使用fft查找每个谐波的相位 [英] Finding the phase of each harmonics using fft

问题描述

我使用Matlab.

我有一个正弦信号:

X(放大器:220/频率:50)

我要加上3个谐波:

x1 =>(h2)放大器:30/频率:100/相位:30°

x2 =>(h4)放大器:10/频率:200/相位:50°

x3 =>(h6)放大器:05/频率:300/相位:90°

我将所有信号加在一起(例如X包含3个谐波)，结果信号称为: Xt

I sum all the signals together (like X containing 3 harmonics), the resulting signal is called : Xt

这是代码:

%% Original signal
X = 220.*sin(2 .* pi .* 50 .* t);

%% Harmonics
x1 = 30.*sin(2 .* pi .* 100 .* t + 30);
x2 = 10.*sin(2 .* pi .* 200 .* t + 50);
x3 = 05.*sin(2 .* pi .* 300 .* t + 90);

%% adding the harmonics
Xt = X + x1 + x2 + x3;

我想做的是:找到3个谐波信号(它们的幅度，频率和相位)，从求和信号 Xt 开始，知道基波信号 X (幅度和频率)！

What I want to do is : find the 3 harmonics signal (their amplitude, frequency and phase) starting for the summed signal Xt and knowing the fundamental signal X (amplitude and frequency) !
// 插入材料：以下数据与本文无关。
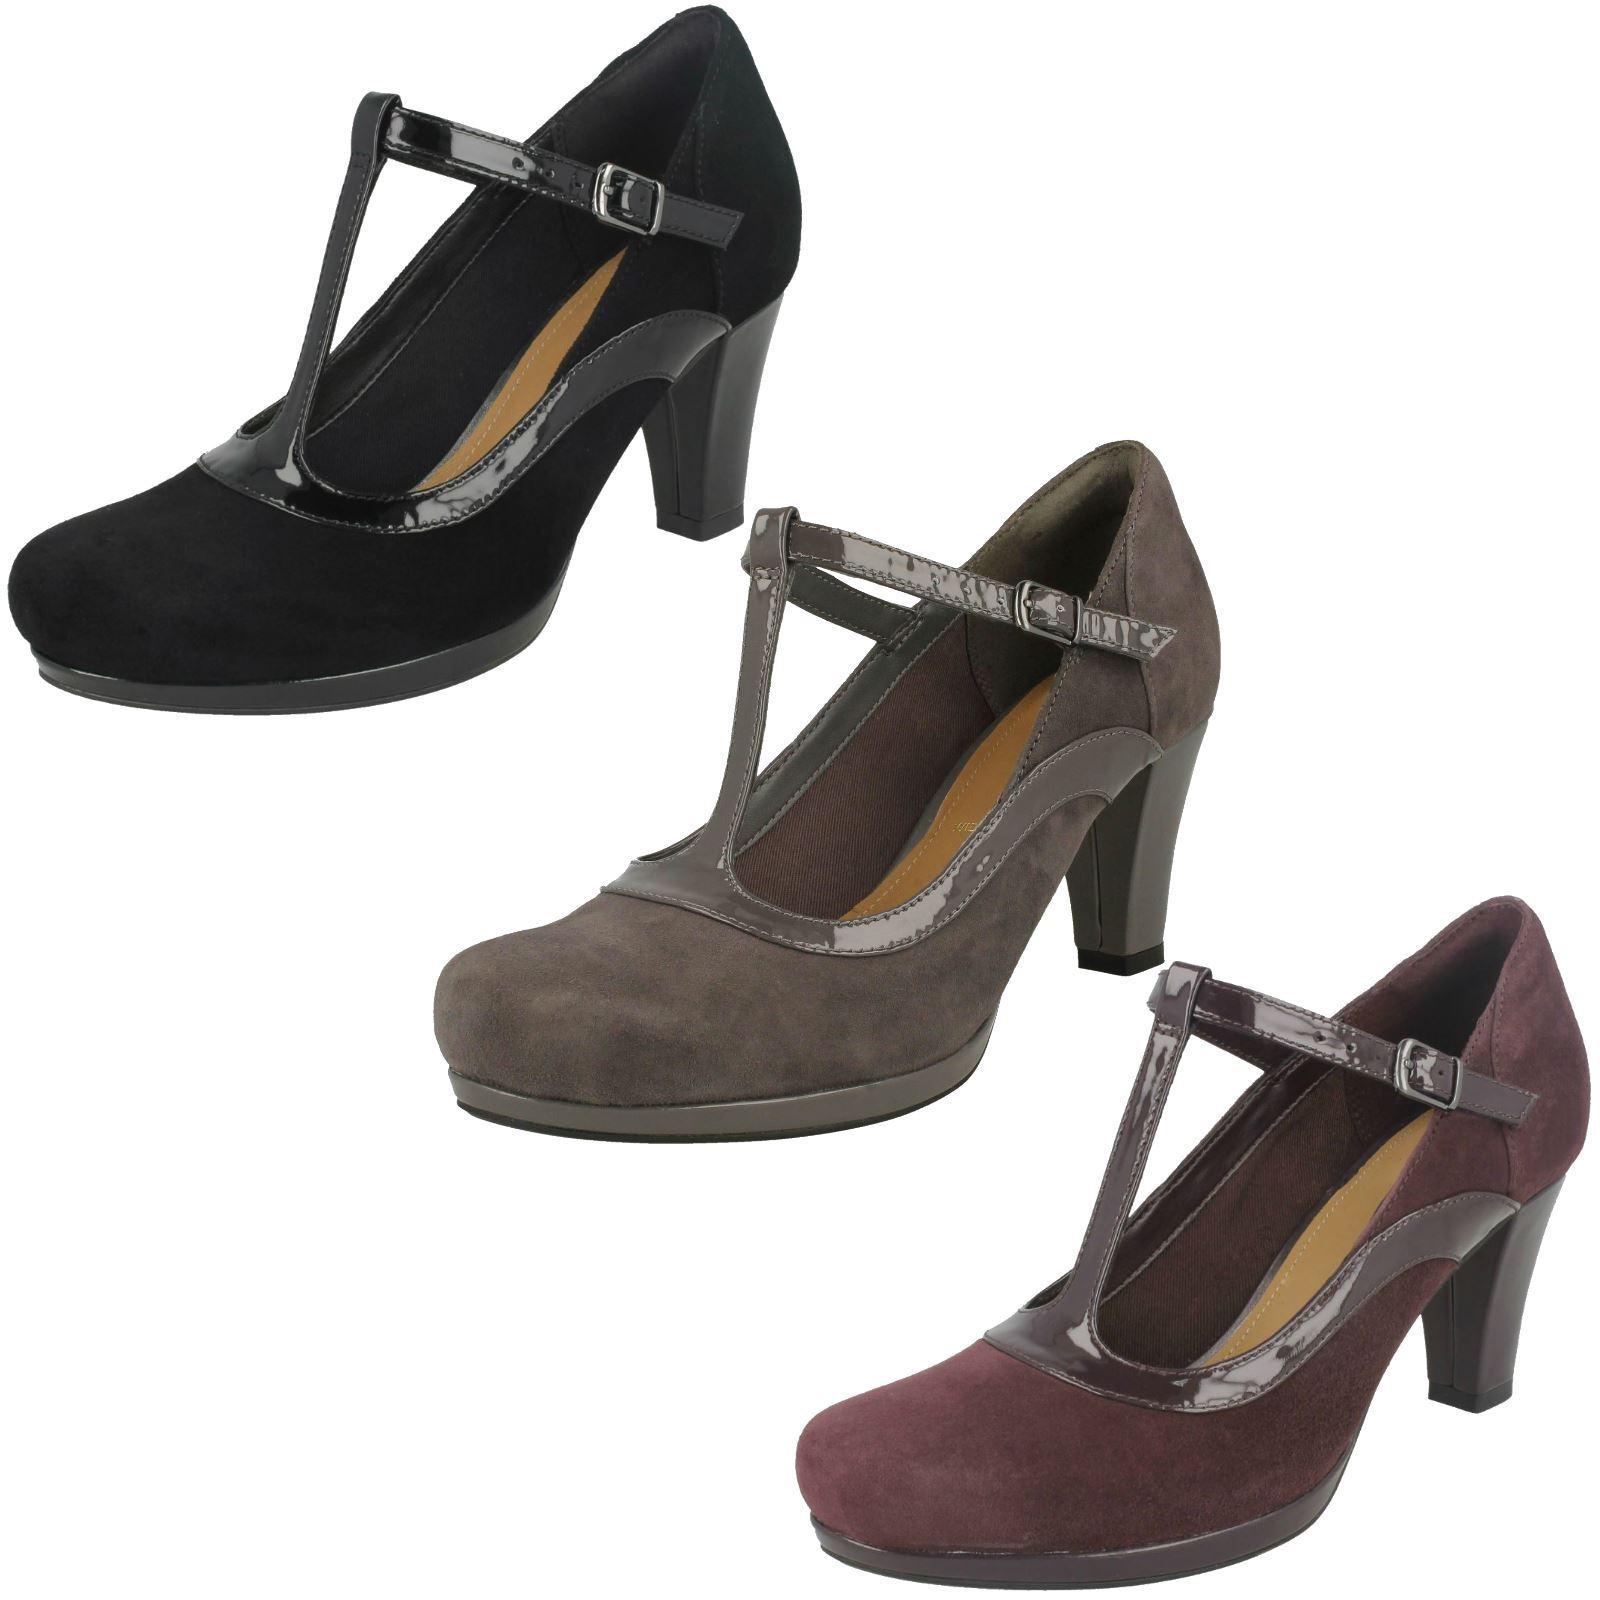 acquista marca Sandali Donna Clarks Scarpe Con Tacco A A A CORTE  CHORUS  Pitch  alta qualità

到目前为止，我已经能够使用fft检索谐波的频率和幅度，现在的问题是找到谐波的相位(在我们的示例中为30°， 50°和90°).

So far, I was able using fft, to retrieve the frequencies and the amplitudes of the harmonics, the problem now is finding the phases of the harmonics (in our case : 30°, 50° and 90°).

推荐答案

FFT会返回由复数组成的数组.要定义频率分量的相位，您需要对复数使用angle()函数.不要忘记:谐波的相位必须以弧度表示.

The FFT returns you an array consisting of complex numbers. To define phases of the frequency components you need to use angle() function for complex numbers. Don't forget: the phase of your harmonics has to be given in radians.

这是代码:

Fs = 1000; % Sampling frequency                     

t=0 : 1/Fs : 1-1/Fs; %time

X = 220*sin(2 * pi * 50 * t);

x1 = 30*sin(2*pi*100*t + 30*(pi/180));
x2 = 10*sin(2*pi*200*t + 50*(pi/180));
x3 = 05*sin(2*pi*300*t + 90*(pi/180));

%% adding the harmonics
Xt = X + x1 + x2 + x3;

%Transformation
Y=fft(Xt); %FFT

df=Fs/length(Y); %frequency resolution

f=(0:1:length(Y)/2)*df; %frequency axis


subplot(2,1,1);
M=abs(Y)/length(Xt)*2; %amplitude spectrum
stem(f, M(1:length(f)), 'LineWidth', 0.5);
xlim([0 350]);
grid on;  

xlabel('Frequency (Hz)')
ylabel('Magnitude');

subplot(2,1,2);
P=angle(Y)*180/pi; %phase spectrum (in deg.)
stem(f, P(1:length(f)), 'LineWidth', 0.5);
xlim([0 350]);
grid on;

xlabel('Frequency (Hz)');
ylabel('Phase (degree)');

这将导致混乱(但是您可以很好地看到振幅):

It will result in such a mess (but you can see your amplitudes very well):

您可以在第二张图中看到很多相位分量.但是，如果消除所有与零振幅相对应的频率，您将看到相位.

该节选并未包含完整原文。